Hildegard Mackert vom Bundesverband der Verbraucherzentralen warnt hingegen, dass sich
Kinder und Jugendliche besonders leicht von den verheißungsvollen Botschaften beeinflussen
ließen. "Mir hat ein Anbieter gesagt, dass sich frühe Kundenbindung auszahlt, und eben
darum geht es ", sagt sie.
Genau auf Schüler zugeschnitten ist eine Aktion des Schulbuchverlags Cornelsen: Pünktlich
zu den Halbjahreszeugnissen Ende Januar werden Plakate des Verlags an Schulen hängen mit
Reklame für Lernhilfen - falls es mit den Schulnoten zum Halbjahr noch nicht ganz geklappt
hat.
Auf Schülerpulten geht es mittlerweile bunt zu.
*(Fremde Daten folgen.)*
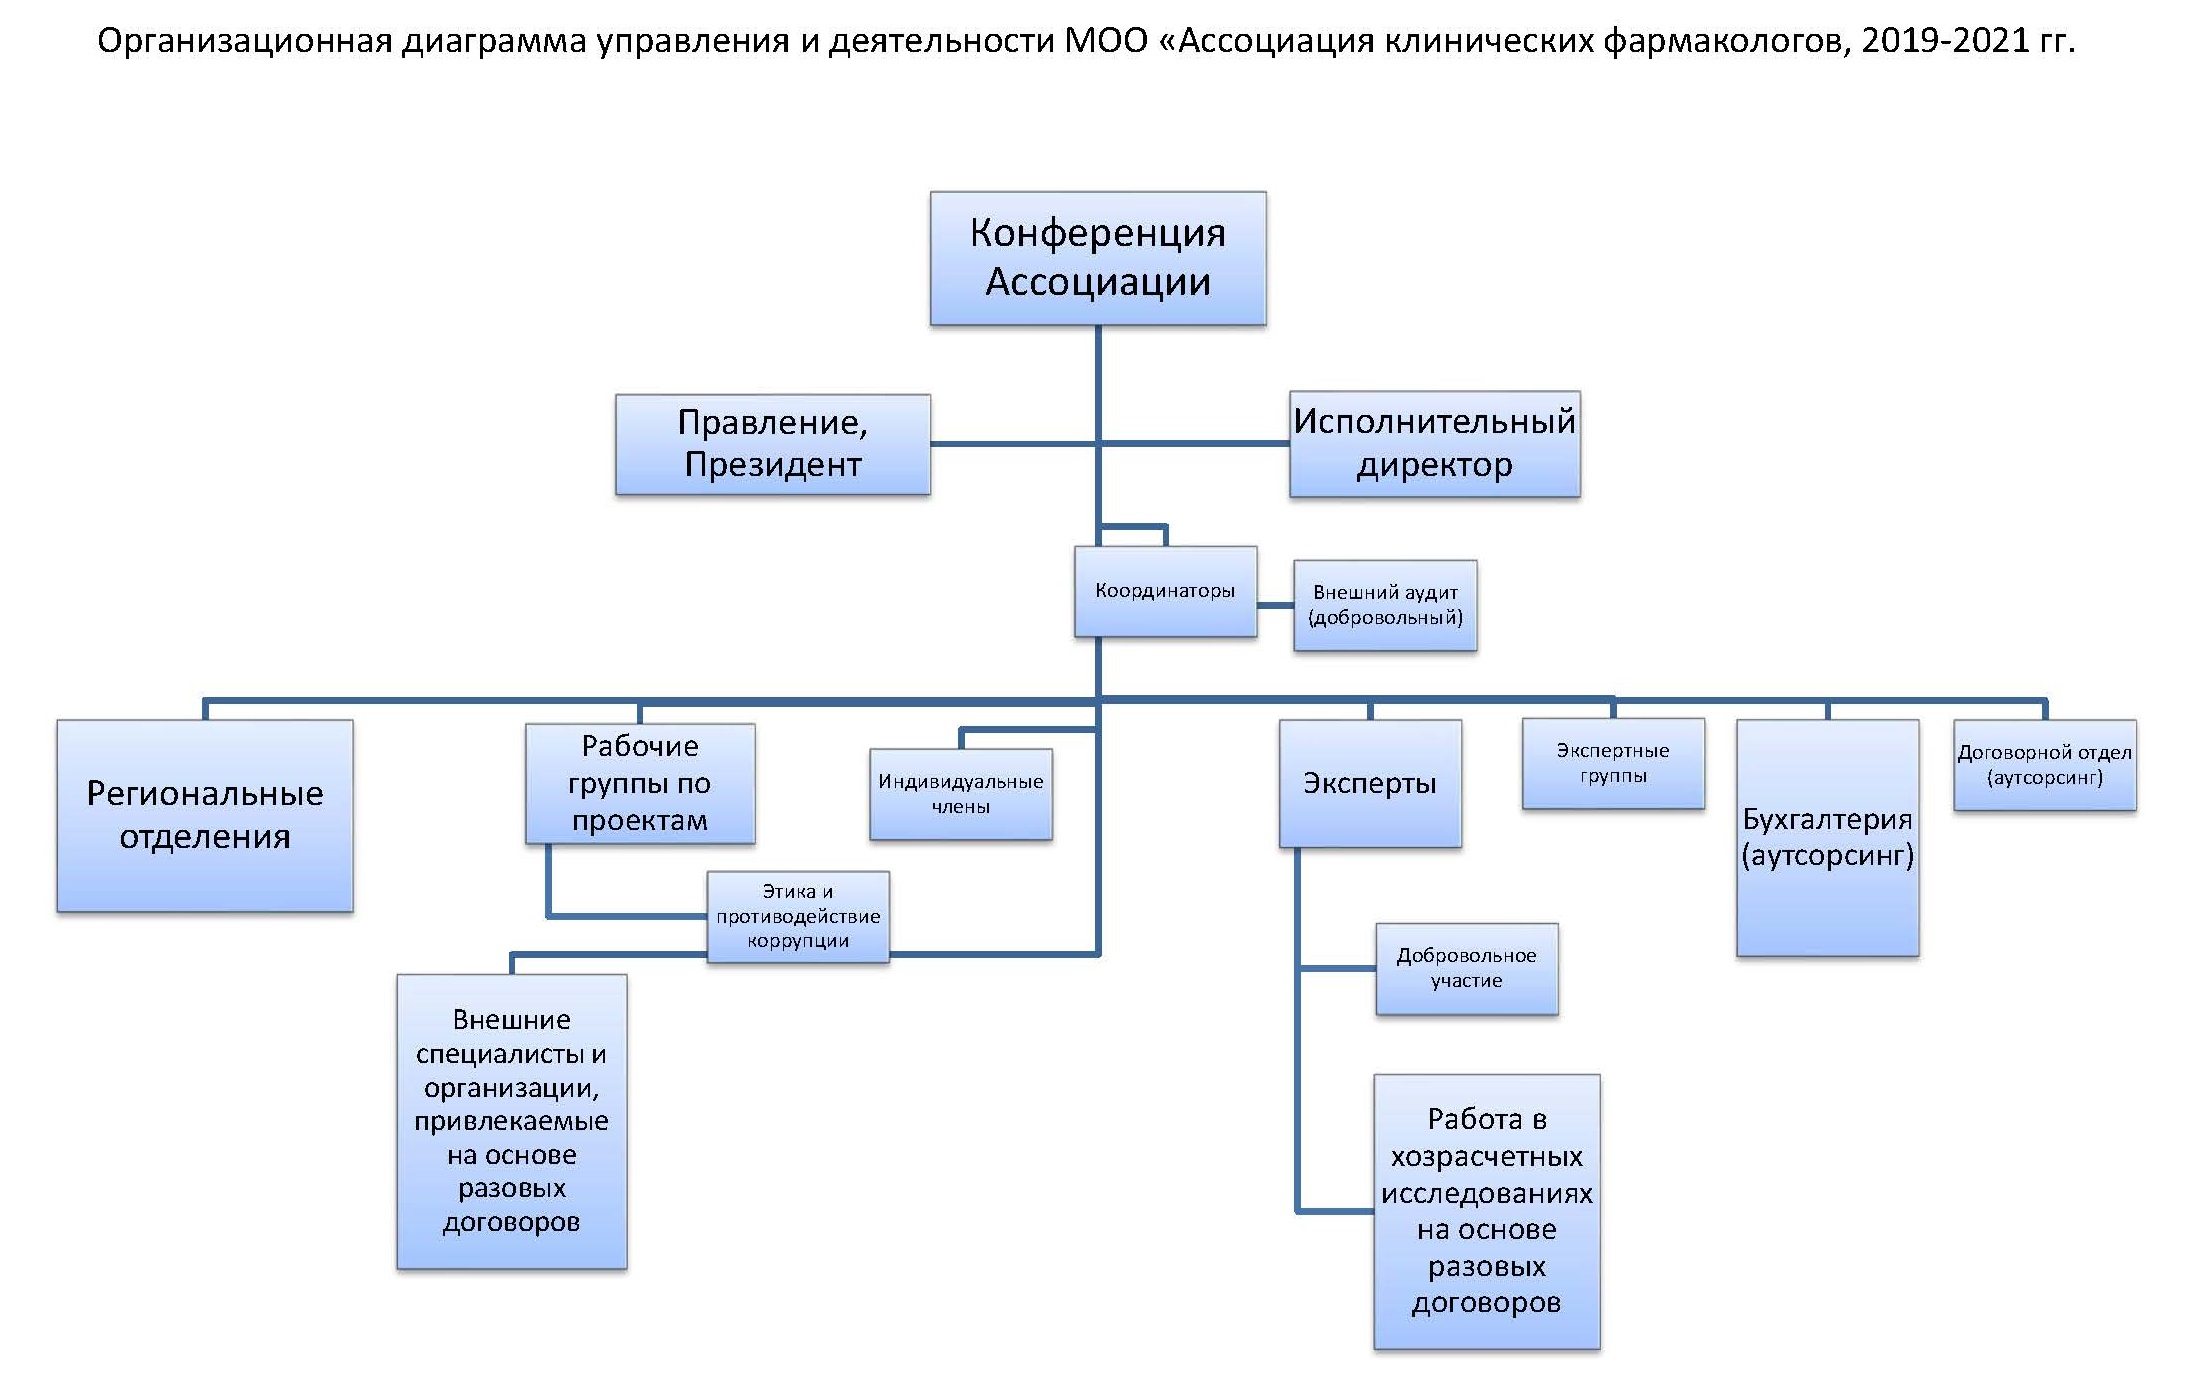 Организационная структура АКФ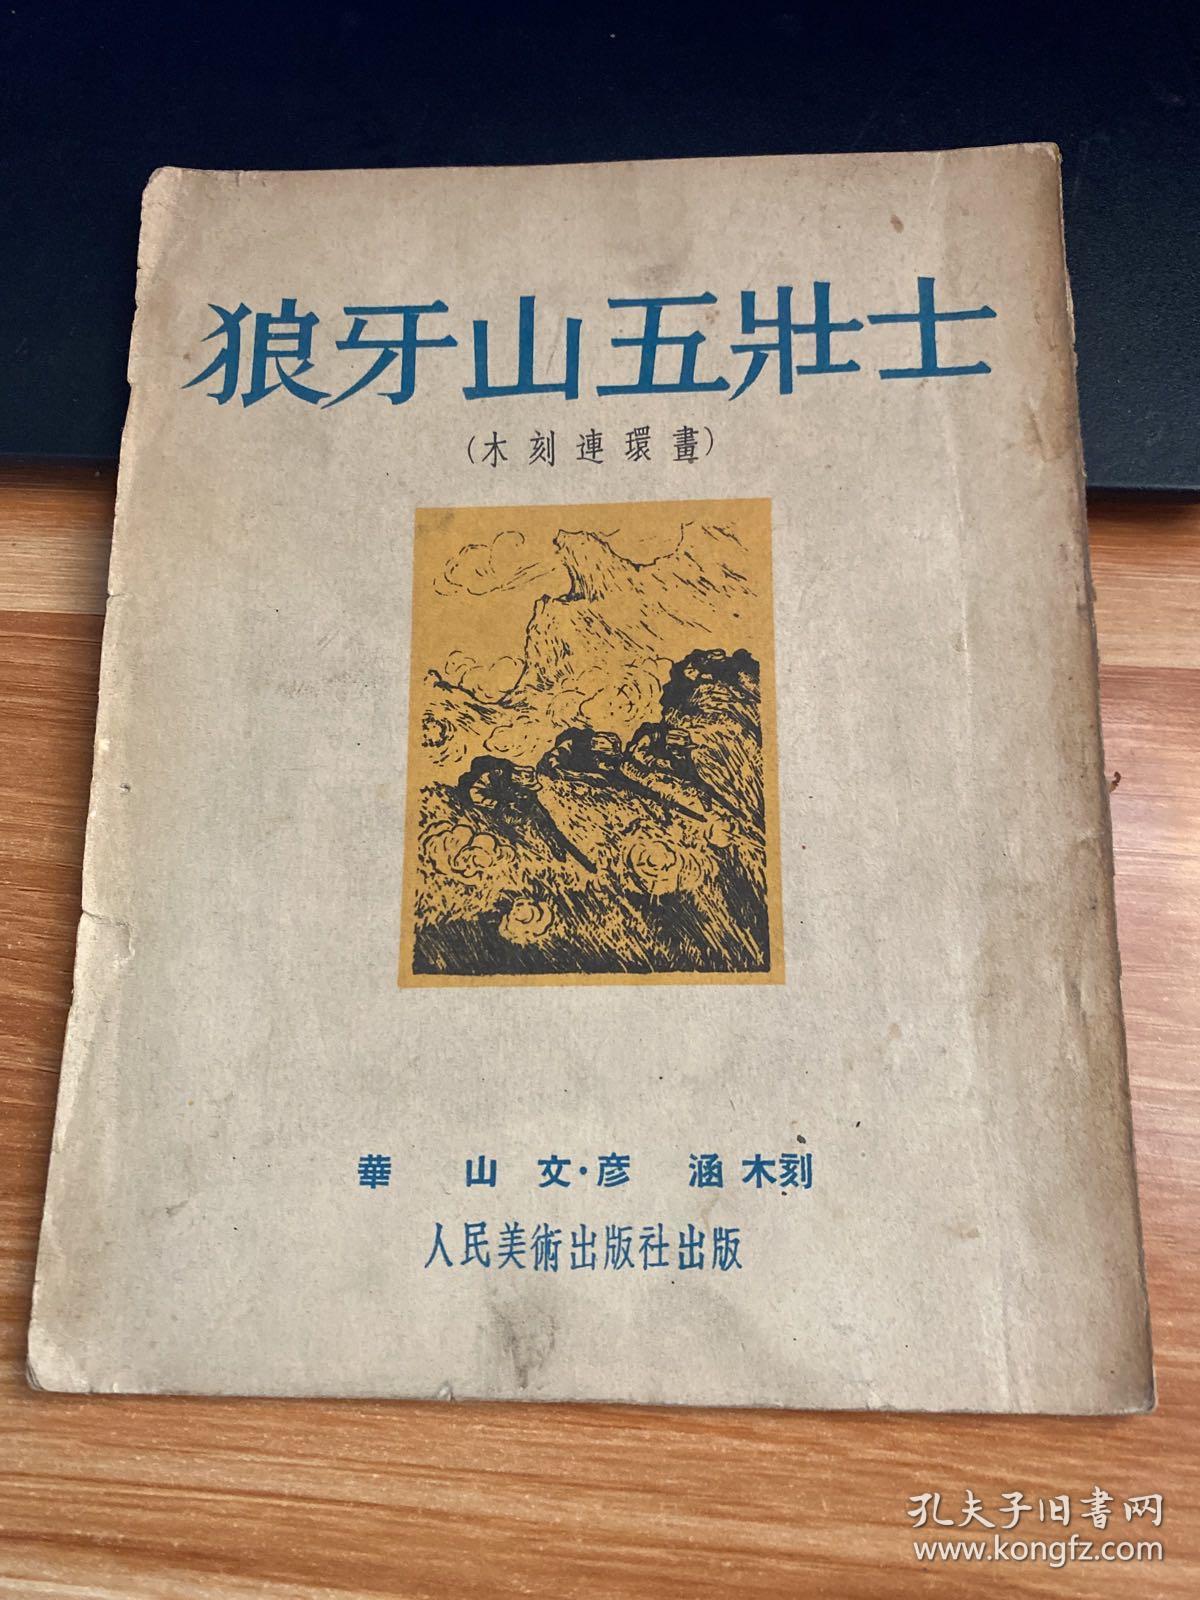 狼牙山五壮士【木刻连环画】1951年初版

Schreibblöcke informieren über Bausparen
oder Computerspiele
Werbung und Wohltat
Image Auch an Schulen soll Werbung schlicht Käufer gewinnen. Dabei ist Marketing nicht
immer leicht vom Schulsponsoring zu trennen. Letzteres bringt eine Gewinnsituation für
beide Partner. Häufig treten Bildungsmäzene gar nicht mit ihrem Logo in Erscheinung; sie
hoffen darauf, mit Wohltätigkeit ihr Image zu verbessern. Wenn Unternehmen Busse mit
ihren Namen bekleben oder bedruckte Blöcke verteilen, sprechen Verbraucherschützer von
Produktwerbung.
Großstädte Der Marketingboom beschränkt sich bisher auf Metropolen. Werbung für
Kinofilme etwa lohnt sich auf dem Land nicht.
Nischenjäger In der Schule erreichen Werbeprofis alle Kinder einer Altersgruppe, den
Fußballfan genauso wie den Computerfreak. Zudem sind Schulen bisher vornehmlich
werbefreie Räume, sodass Markenbotschaften auffallen.